PyTorch softmax with dim

blue-sky picture blue-sky · Sep 26, 2018 · Viewed 12.4k times · Source

Which dimension should softmax be applied to ?

This code :

%reset -f

import torch.nn as nn
import numpy as np
import torch

my_softmax = nn.Softmax(dim=-1)

mu, sigma = 0, 0.1 # mean and standard deviation

train_dataset = []
image = []
image_x = np.random.normal(mu, sigma, 24).reshape((3 , 4, 2))
train_dataset.append(image_x)

x = torch.tensor(train_dataset).float()

print(x)
print(my_softmax(x))
my_softmax = nn.Softmax(dim=1)
print(my_softmax(x))

prints following :

tensor([[[[-0.1500,  0.0243],
          [ 0.0226,  0.0772],
          [-0.0180, -0.0278],
          [ 0.0782, -0.0853]],

         [[-0.0134, -0.1139],
          [ 0.0385, -0.1367],
          [-0.0447,  0.1493],
          [-0.0633, -0.2964]],

         [[ 0.0123,  0.0061],
          [ 0.1086, -0.0049],
          [-0.0918, -0.1308],
          [-0.0100,  0.1730]]]])
tensor([[[[ 0.4565,  0.5435],
          [ 0.4864,  0.5136],
          [ 0.5025,  0.4975],
          [ 0.5408,  0.4592]],

         [[ 0.5251,  0.4749],
          [ 0.5437,  0.4563],
          [ 0.4517,  0.5483],
          [ 0.5580,  0.4420]],

         [[ 0.5016,  0.4984],
          [ 0.5284,  0.4716],
          [ 0.5098,  0.4902],
          [ 0.4544,  0.5456]]]])
tensor([[[[ 0.3010,  0.3505],
          [ 0.3220,  0.3665],
          [ 0.3445,  0.3230],
          [ 0.3592,  0.3221]],

         [[ 0.3450,  0.3053],
          [ 0.3271,  0.2959],
          [ 0.3355,  0.3856],
          [ 0.3118,  0.2608]],

         [[ 0.3540,  0.3442],
          [ 0.3509,  0.3376],
          [ 0.3200,  0.2914],
          [ 0.3289,  0.4171]]]])

So first tensor is prior to softmax being applied, second tensor is result of softmax applied to tensor with dim=-1 and third tensor is result of softmax applied to tensor with dim=1 .

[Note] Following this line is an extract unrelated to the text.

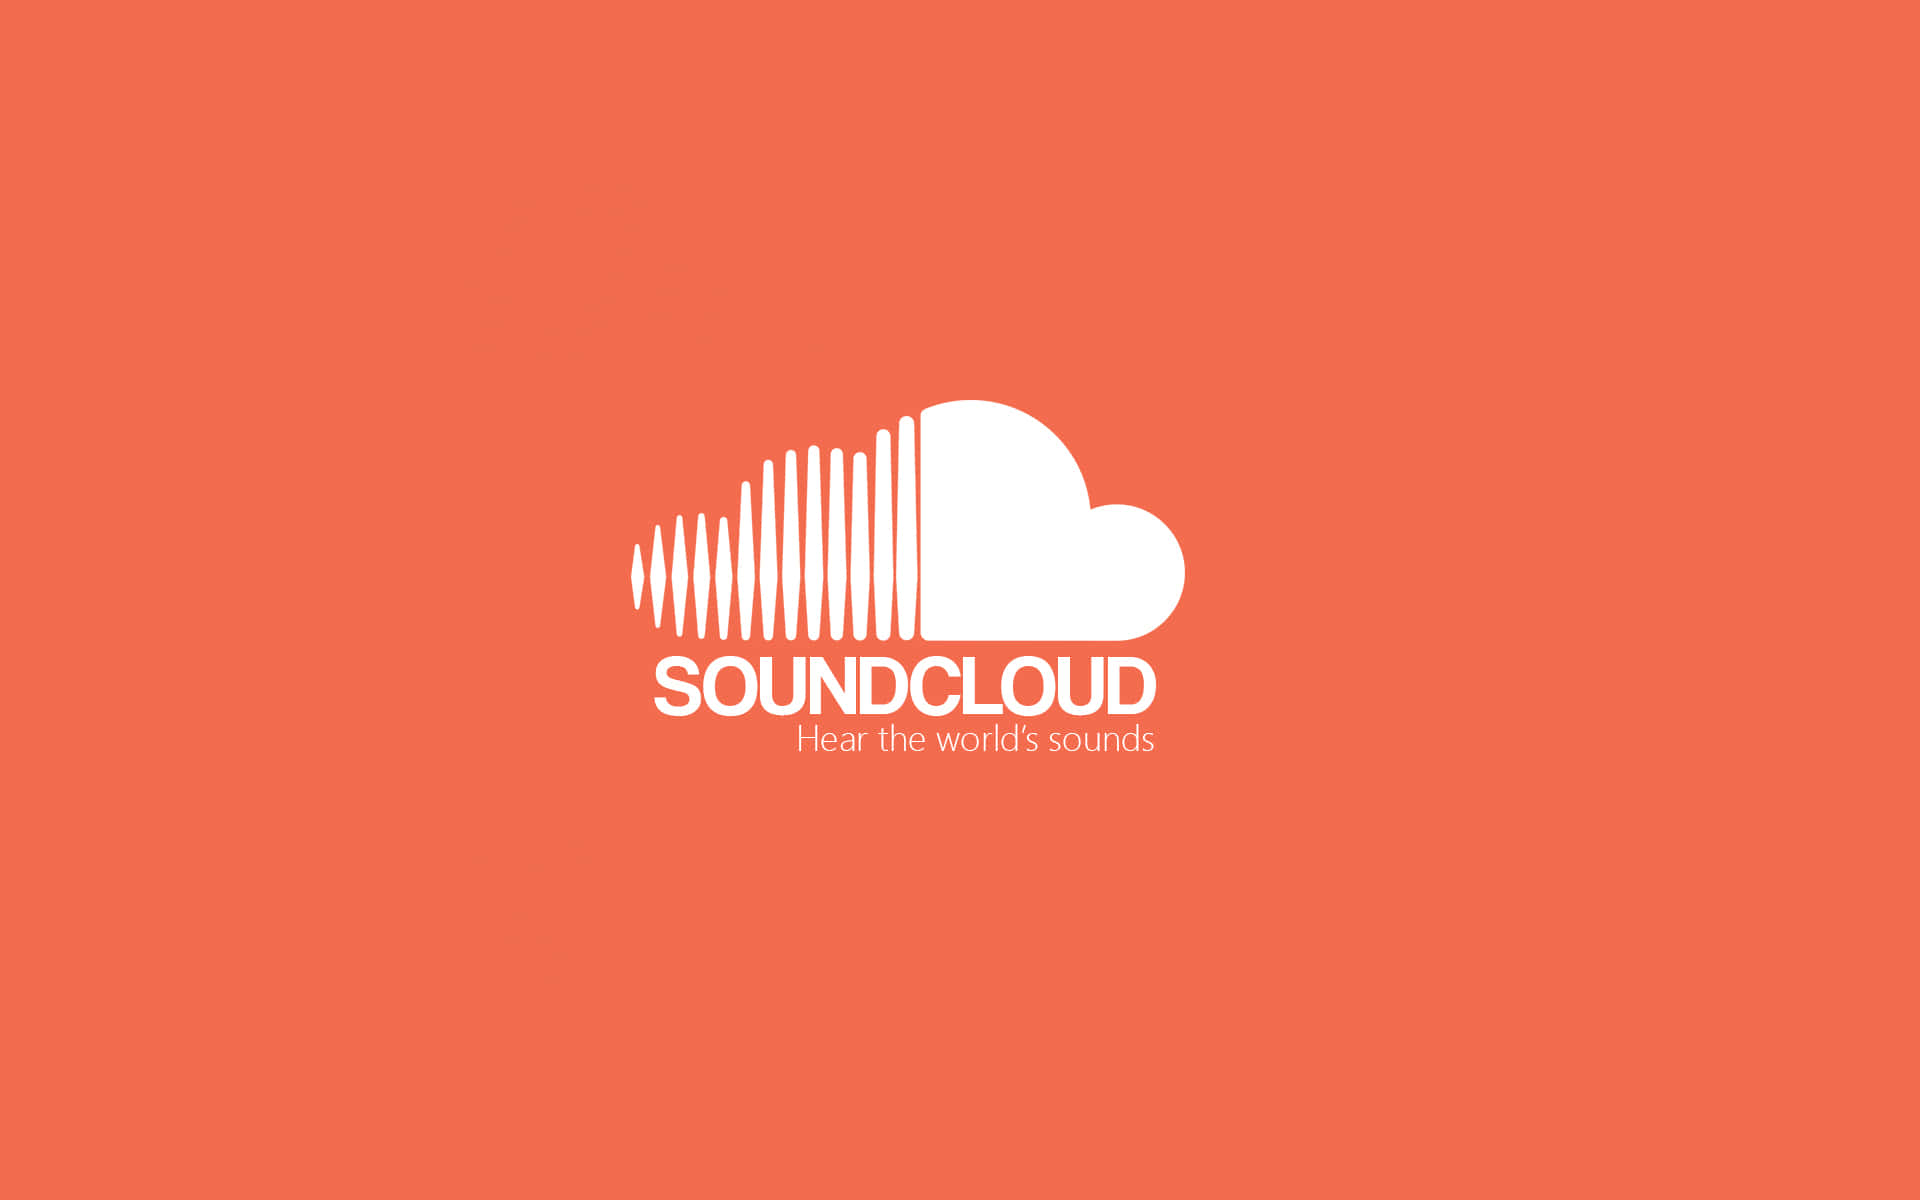 Discover Music and Audio on SoundCloud

For result of first softmax can see corresponding elements sum to 1, for example [ 0.4565, 0.5435] -> 0.4565 + 0.5435 == 1.

What is summing to 1 as result of of second softmax ?

Which dim value should I choose ?

Update : The dimension (3 , 4, 2) corresponds to image dimension where 3 is the RGB value , 4 is the number of horizontal pixels (width) , 2 is the number of vertical pixels (height). This is an image classification problem. I'm using cross entropy loss function. Also, I'm using softmax in final layer in order to back-propagate probabilities.

Answer

unlut picture unlut · Sep 26, 2018

You have a 1x3x4x2 tensor train_dataset. Your softmax function's dim parameter determines across which dimension to perform Softmax operation. First dimension is your batch dimension, second is depth, third is rows and last one is columns. Please look at picture below (sorry for horrible drawing) to understand how softmax is performed when you specify dim as 1. enter image description here

In short, sum of each corresponding entry of your 4x2 matrices are equal to 1.

Update: The question which dimension the softmax should be applied depends on what data your tensor store, and what is your goal.

Update: For image classification task, please see the tutorial on official pytorch website. It covers basics of image classification with pytorch on a real dataset and its a very short tutorial. Although that tutorial does not perform Softmax operation, what you need to do is just use torch.nn.functional.log_softmax on output of last fully connected layer. See MNIST classifier with pytorch for a complete example. It does not matter whether your image is RGB or grayscale after flattening it for fully connected layers (also keep in mind that same code for MNIST example might not work for you, depends on which pytorch version you use).